Oh well, but really, it's about the soft warm factors like a lifestyle suited to your personality, rather than the hard cold factors like money eh? When a human's basic requirements such as food, rest and lodging are met, it's all about the soft warm factors to make one happy.

It seems Australia suits me more than Singapore. And not just me, but many people I know. And the government still wonders why so many Singaporeans are flocking abroad?


Pkchukiss said...

Yeah, life here is very stressful, especially the on the transportation system. The jackasses never fails to get on my nerves on the train everyday - and it's going to get worse from here, with all the encouragement to take public transport, as well as the liberal immigrant policy.

I also don't want to squeeze with 6 million other people on one small island.

Anonymous said...

Reminds me of the time I went for job interviews and got a job in Frankston (just off Mornington) But the Victoria State Medical Board refused to give me a license.

I visited a practice in Hastings also.

Melbourne is very very nice.

Anyway I'm done with medicine. Migrated to Canada and am now doing futures trading and property investments.

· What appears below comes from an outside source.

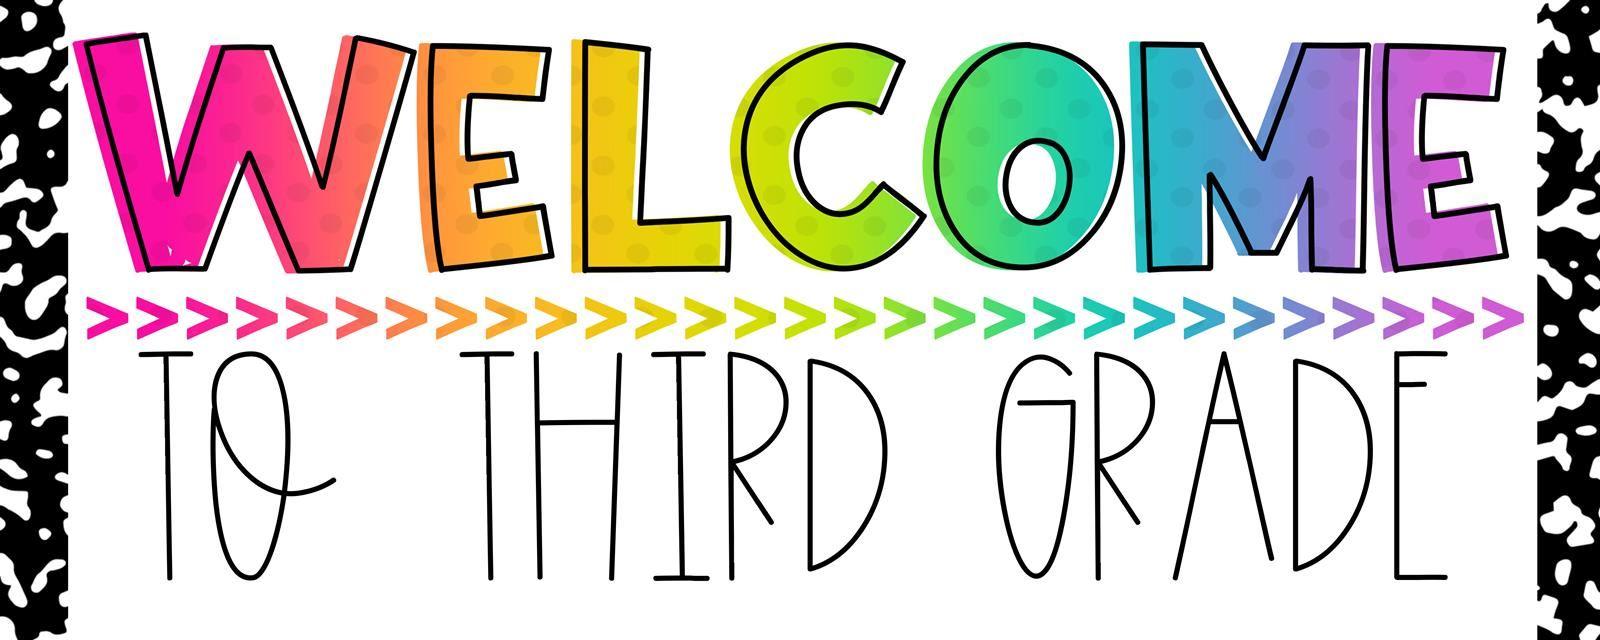 Welcome - Ramos, Anissa - Mater Gardens Academy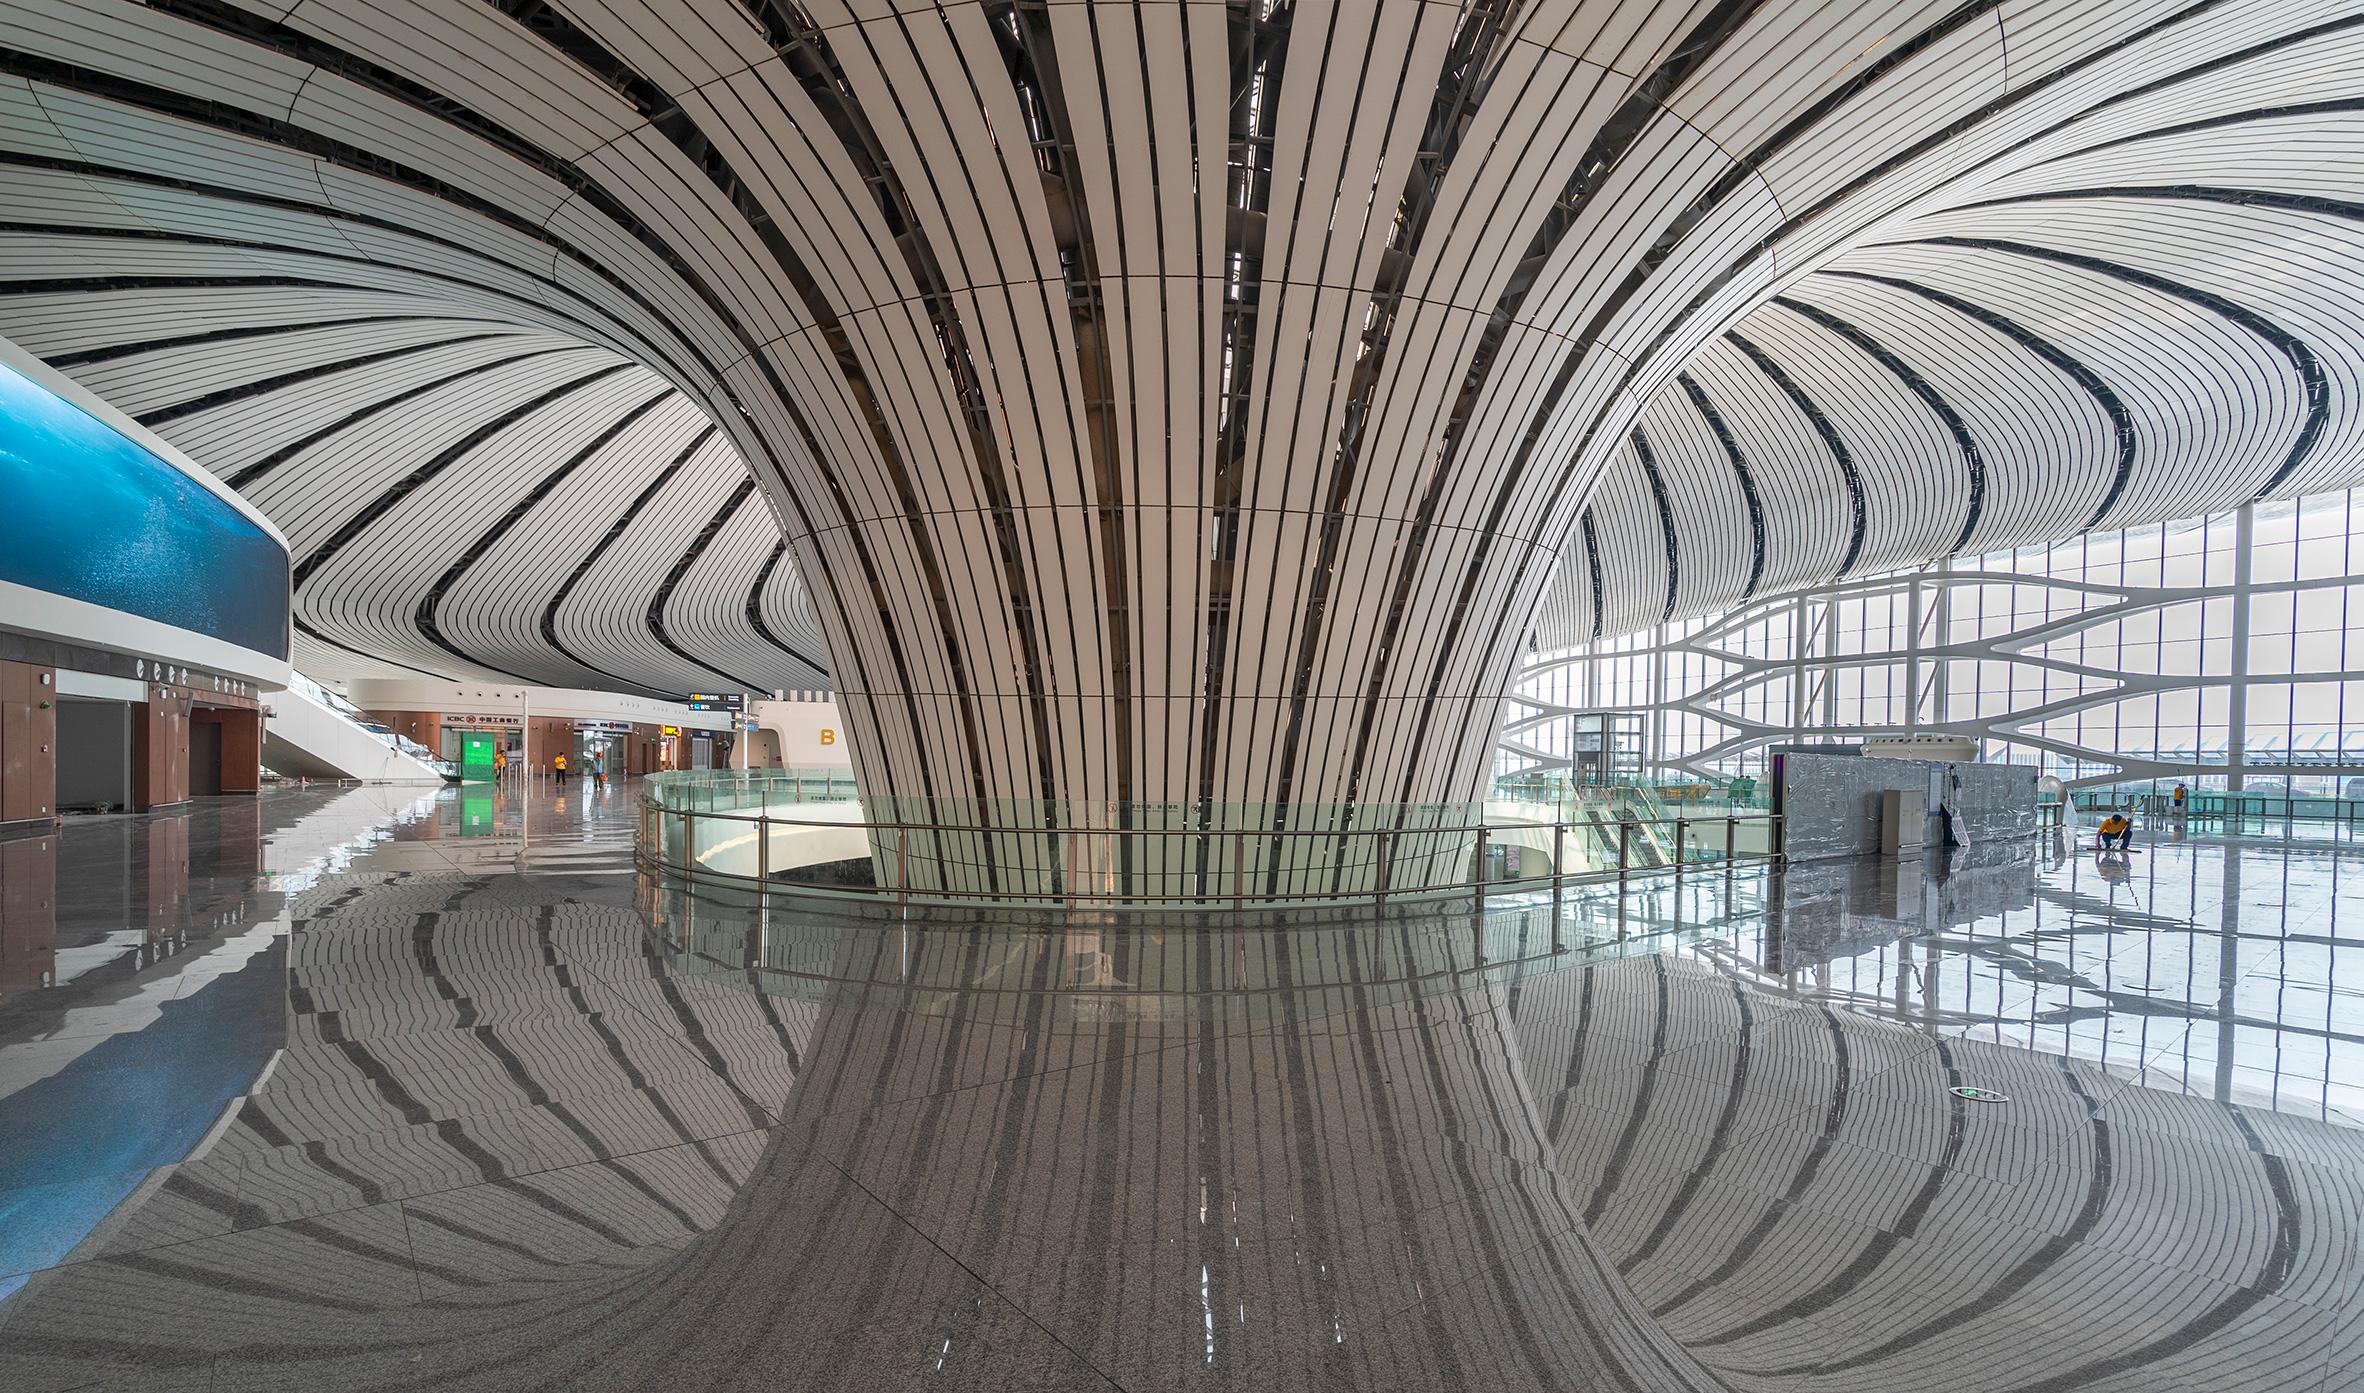 Zaha Hadid Architects' Beijing Airport Project Unveiled zaha hadid architects Zaha Hadid Architects' Beijing Airport Project Unveiled Beijing Daxing International Airport Zaha Hadid CGTN dezeen 05

Medicine is too full of bull and red tape...nonsense....

kc said...

yup, the transportation system here really needs an urgent overhaul, but the gahmen is more interested in building castles in the sky with all that IR talk and sustainable city talk

sure, they're in it for the money - and i can empathise how being at the helm of a country makes one greedy - but bad traffic jams reduce productivity and makes a country pretty much unliveable.

no one wants to work in or visit a country where transportation facilities have been nuked back into the stone age.


heh hastings is one small quiet town that looks like a great idea to live in for a while - until one gets bored of it. i'm more of a big city person

an honourable decision indeed, we have only 1 life, not much pt experiencing just 1 kind of career!